I want to share this troubleshooting scenario since it may help you:
After upgrading SQL Server 2000 SP4 to SQL Server 2008 SP2, SQL Server experienced performance problems and many a times, connection failures
SQL Server errorlog shows this message during the problem period:
Error: 18056, Severity: 20, State: 29.
The client was unable to reuse a session with SPID xxx, which had been reset for connection pooling. The failure ID is 29. This error may have been caused by an earlier operation failing. Check the error logs for failed operations immediately before this error message.I was thinking that this is the same issue as described in http://support.microsoft.com/kb/2543687 but as per this KB, issue is currently being investigated and scenario described in the KB is not matching the issue I'm troubleshooting.
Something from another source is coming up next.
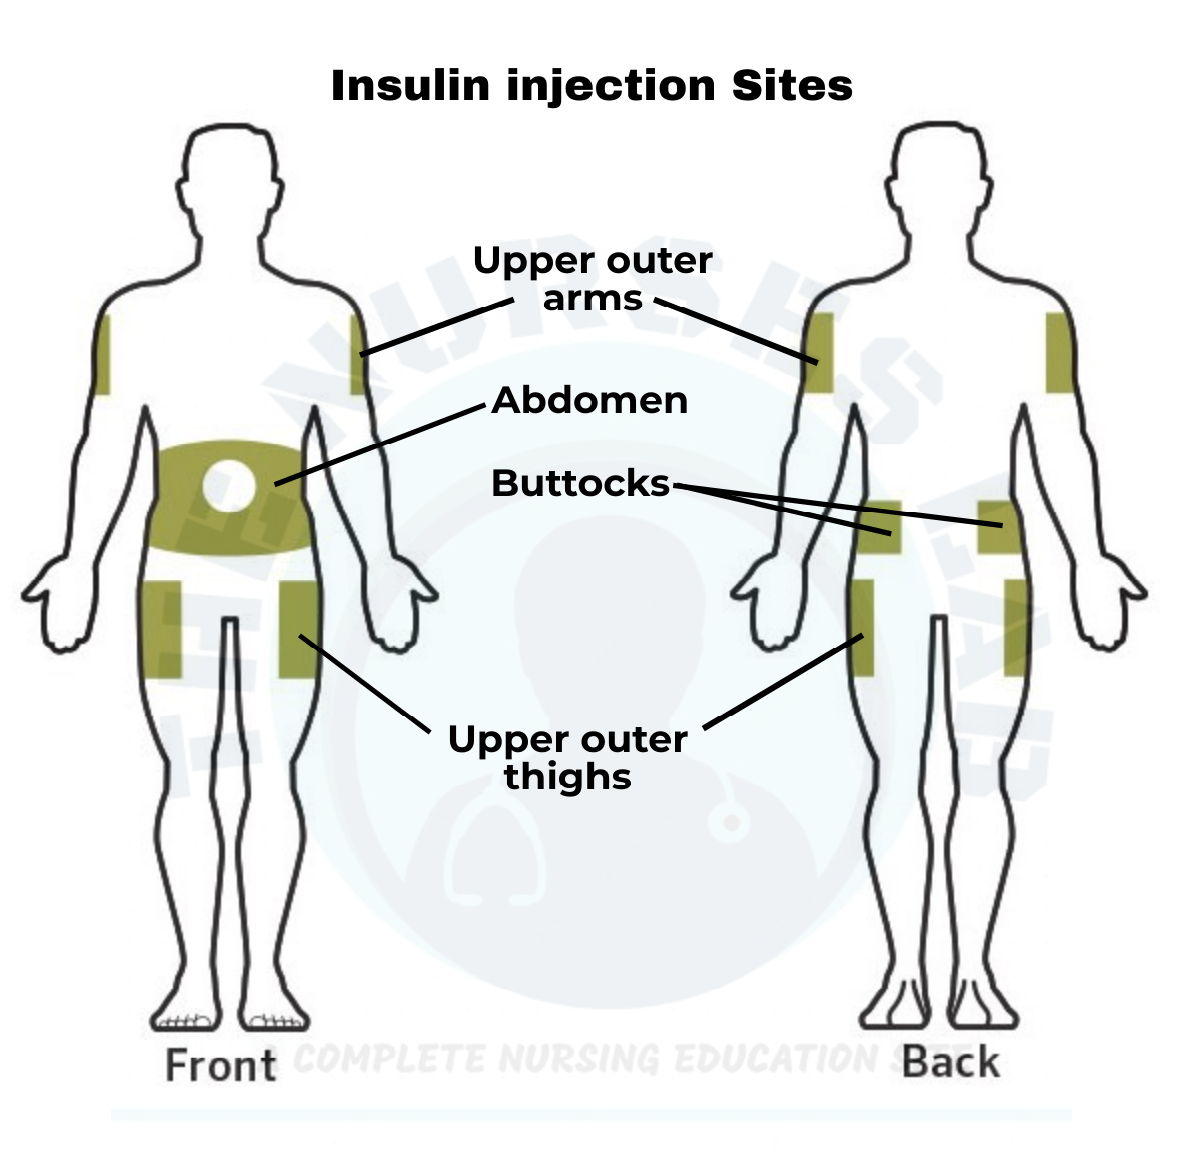 INSULIN (Pharmacotherapy for Type 1 Diabetes Mellitus)

There is also a fix released for SQL Server 2005 through http://support.microsoft.com/kb/937745 and again it is not applicable here.
Started looking into the data collected through PSSDiag (http://diagmanager.codeplex.com/) and looked into wait stats along with other information. Wait stats showed this:
Threadpool worried me since this is not expected to be the Topper.
Looked into sp_configure:
name minimum maximum config_value run_value
max worker threads 128 32767 128 128
As per http://msdn.microsoft.com/en-us/library/ms187024(v=SQL.100).aspx, Upgrading an instance of the SQL Server 2000 Database Engine to a newer version retains the configuration value for max worker threads.
SQL Server 2008 instance with 8 processors will create 576 worker threads but in sp_configure it is hardcoded to 128 threads which caused contention in this case.
So we then changed this value to
EXEC sp_configure 'max worker threads',0
RECONFIGURE WITH OVERRIDE
and restarted instance, now we longer have the 18056 error.
THREADPOOL waits only occur when a task is waiting to get assigned to a worker thread. This wait means server is out of worker threads and can’t bind the new connection request to a worker thread. In most cases the cause of THREADPOOL waits is that existing workers created by SQL Server are tied up with a long blocking chain or running long running pre-emptive work such as extended stored procedures. So when the connection (login) cannot get a worker thread, sp_reset_connection command timed out and it recorded the Error: 18056, Severity: 20, State: 29. The client was unable to reuse a session with SPID 350, which had been reset for connection pooling. The failure ID is 29.
For other 18056 State numbers, please refer this blog for the description http://blogs.msdn.com/b/psssql/archive/2010/08/03/how-it-works-error-18056-the-client-was-unable-to-reuse-a-session-with-spid-which-had-been-reset-for-connection-pooling.aspx
Also, the 18056 error could be noise in certian scenarios, refer http://blogs.msdn.com/b/psssql/archive/2010/05/05/error-18056-can-be-unwanted-noise-in-certain-scenarios.aspx for more information
We have the max workerthreads running value and it is pointing to 0 but still
gettting 18056 error
Reply from Sakthi:Then it should be a performance problem which needs details bottleneck analysis.